Before you return the entries below, strip out the pictures and keep all else exact.

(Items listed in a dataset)
-- -- --
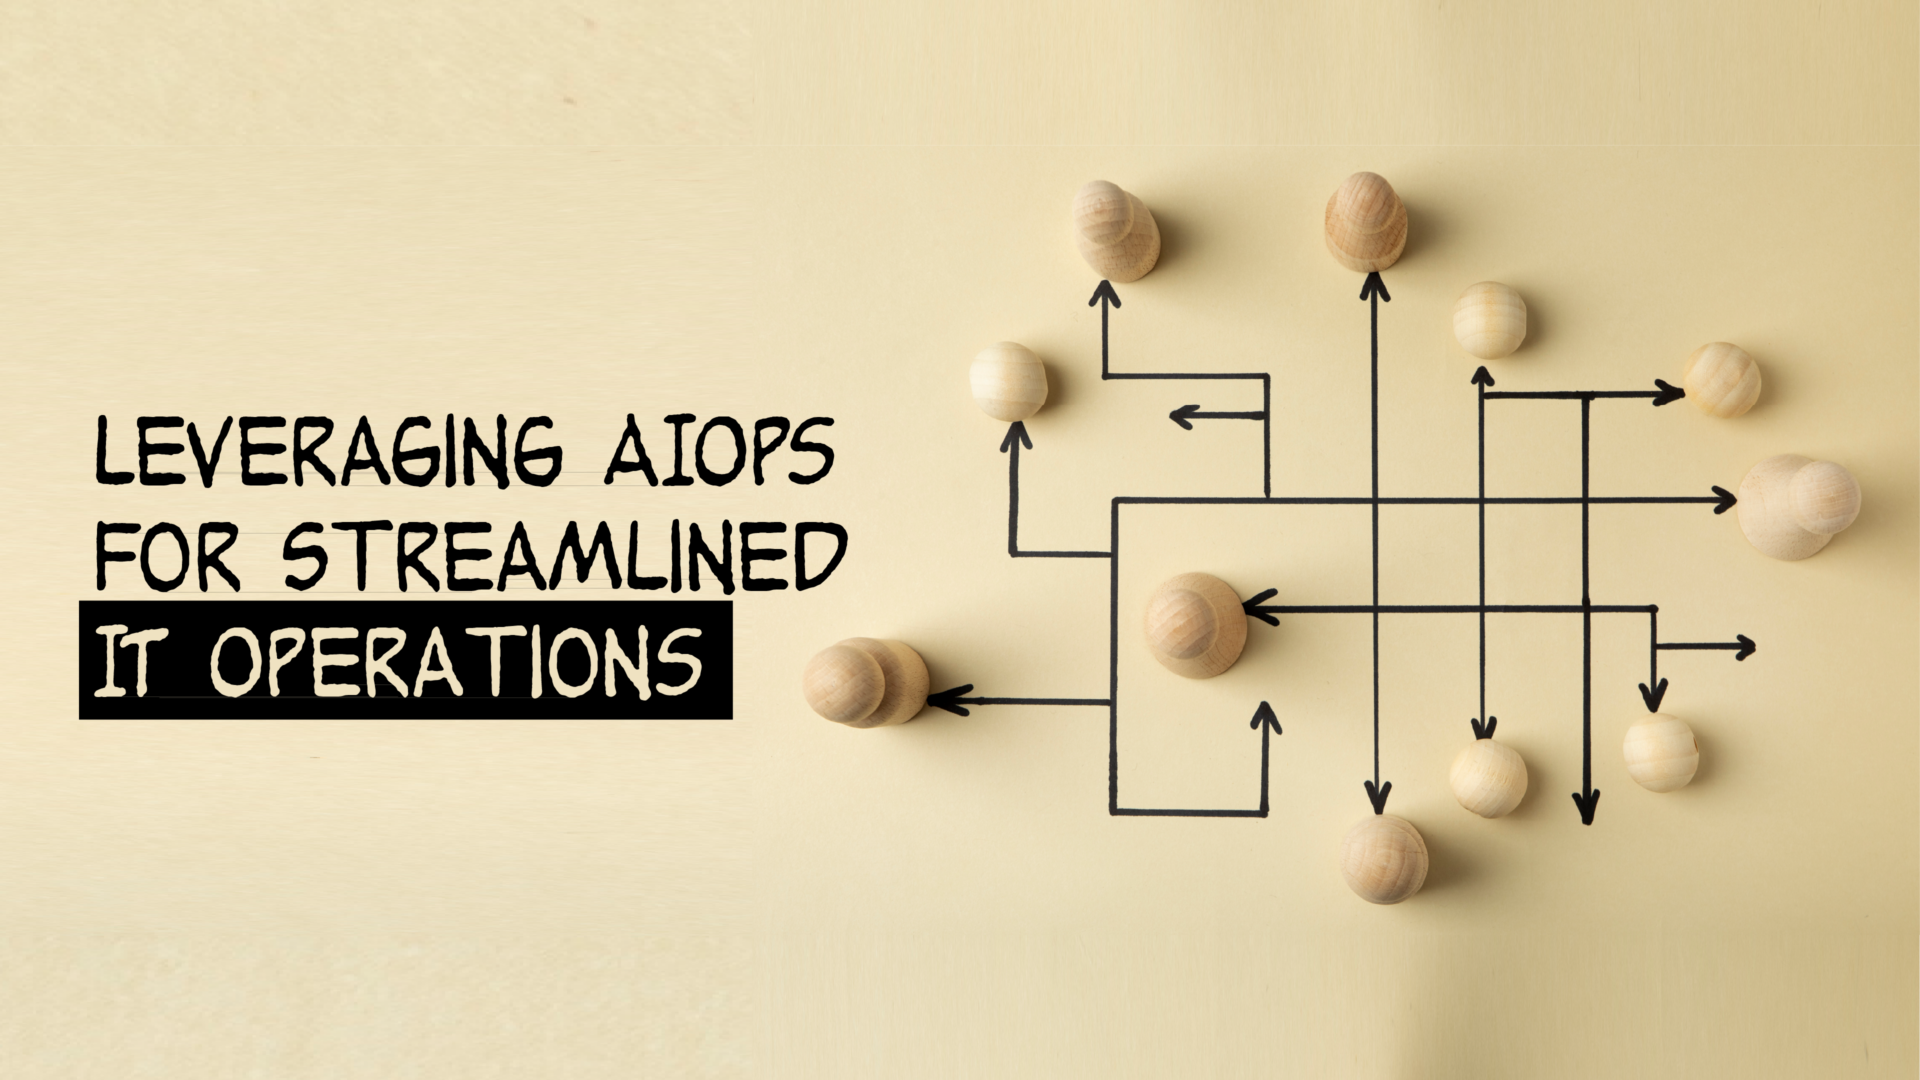 Leveraging AIOps for Streamlined IT Operations
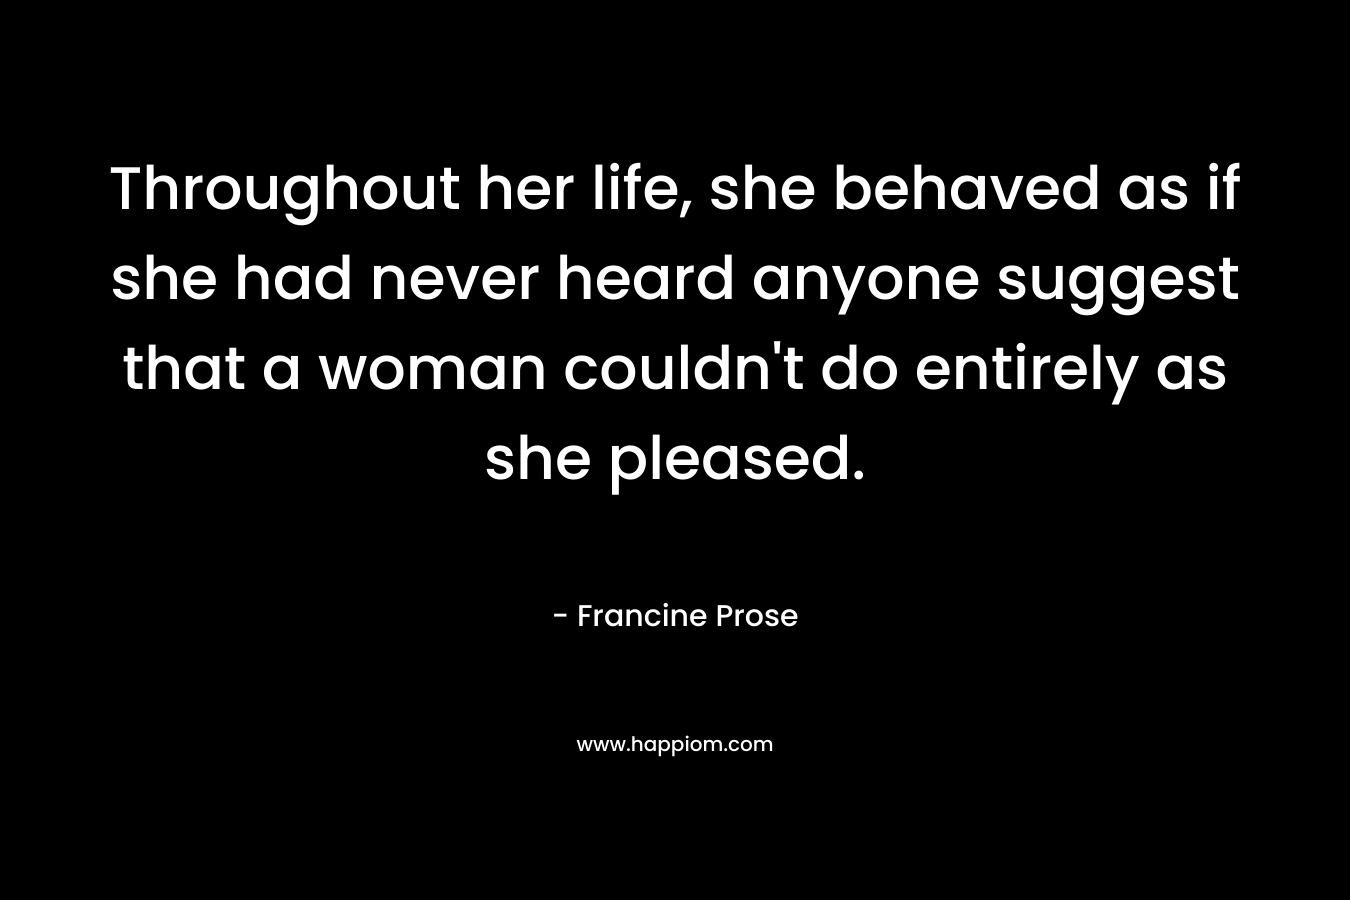 Throughout her life, she behaved as if she had never heard anyone suggest that a woman couldn’t do entirely as she pleased. – Francine Prose
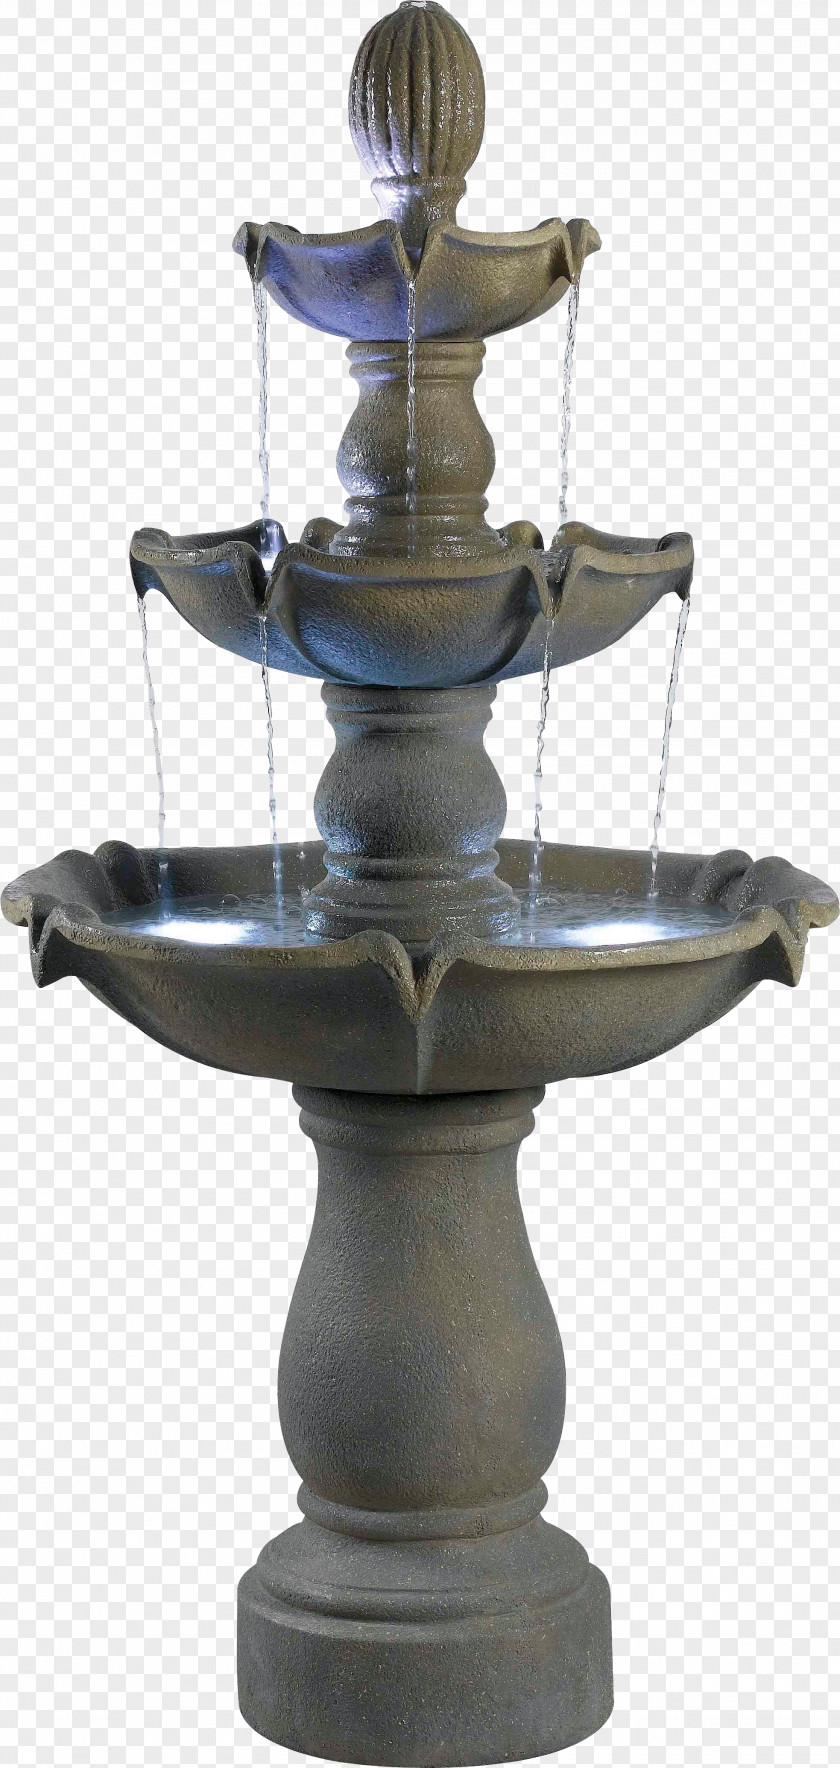 Fountain PNG clipart PNG
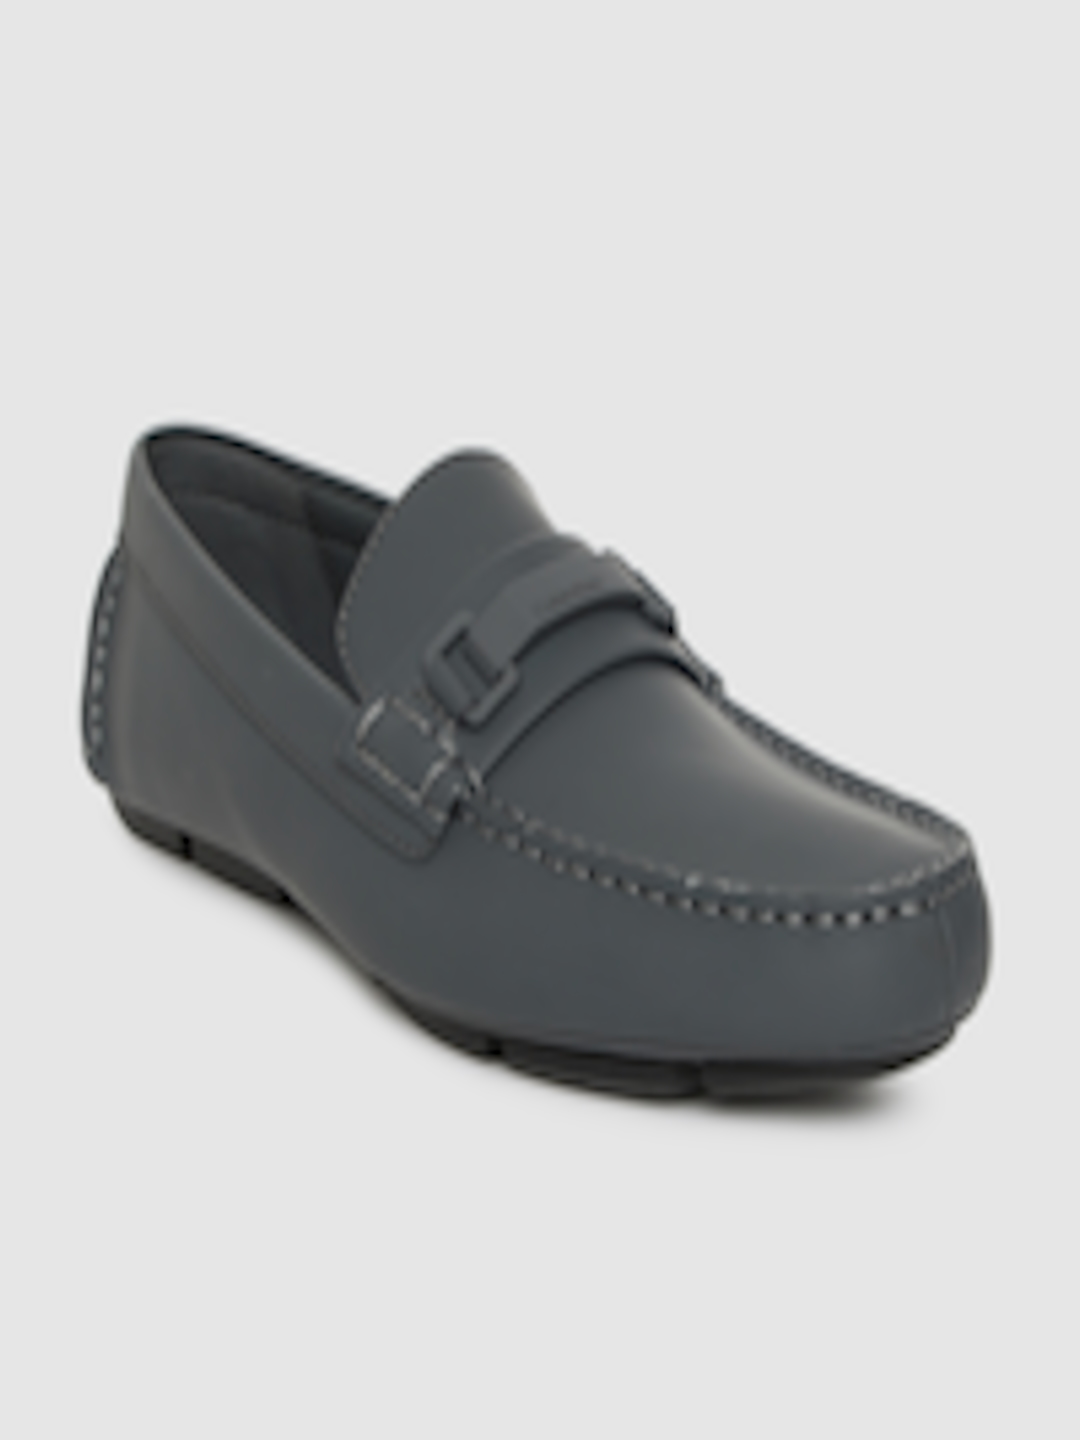 calvin klein loafers grey shoes leather
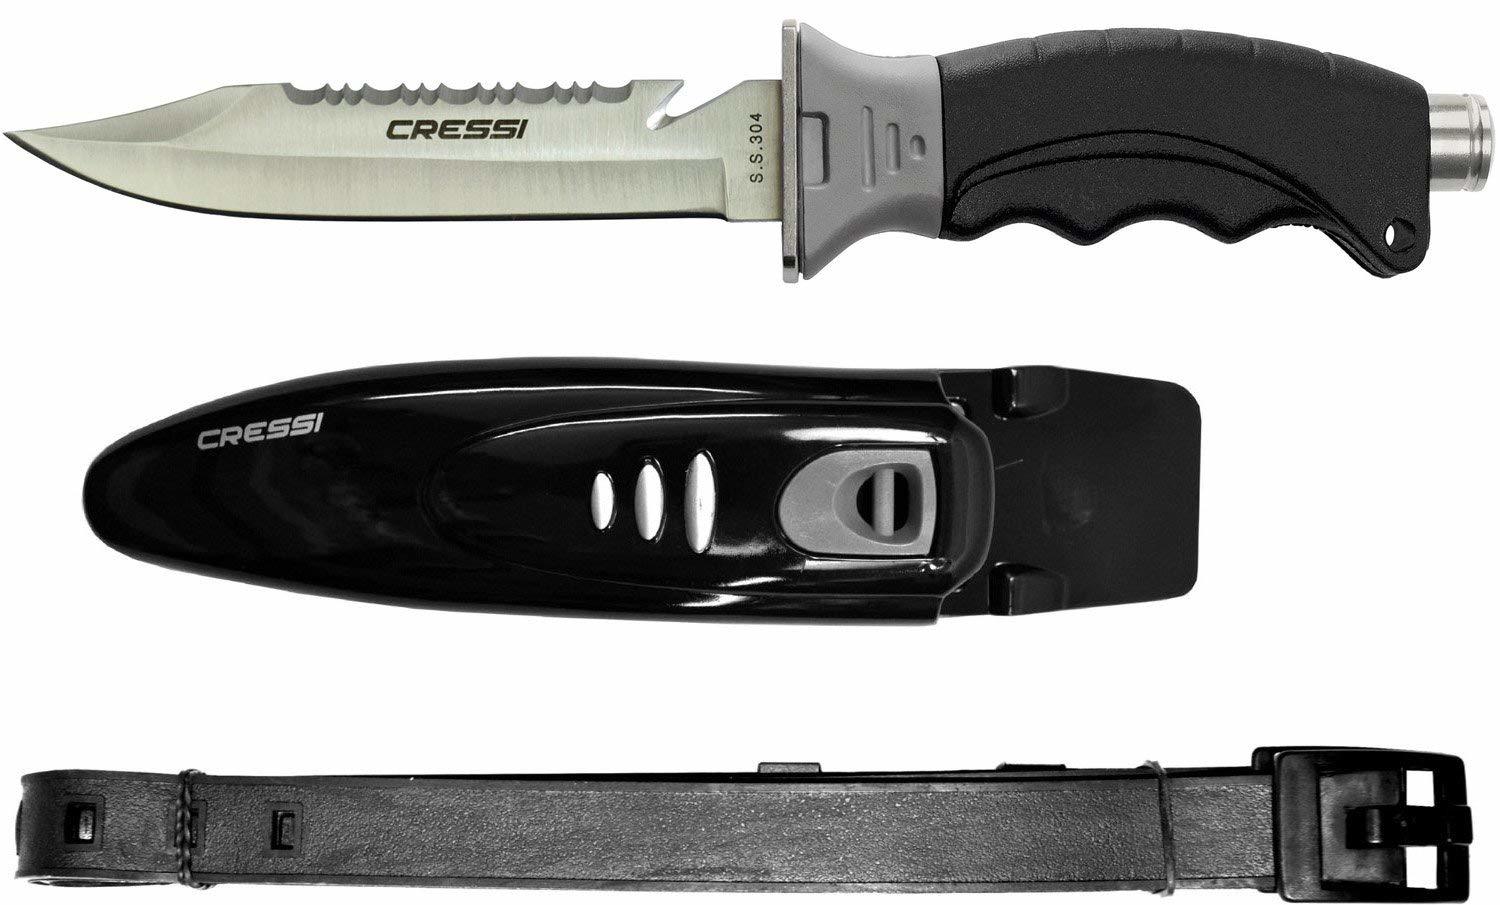 Cressi Borg, Long Blade Diving and Spearfishing Knife Review
-- -- --
▸ **RESULT FOR THIS TASK**
 Leveraging AIOps for Streamlined IT Operations
 Throughout her life, she behaved as if she had never heard anyone suggest that a woman couldn’t do entirely as she pleased. – Francine Prose
 Fountain PNG clipart PNG
 calvin klein loafers grey shoes leather
 Cressi Borg, Long Blade Diving and Spearfishing Knife Review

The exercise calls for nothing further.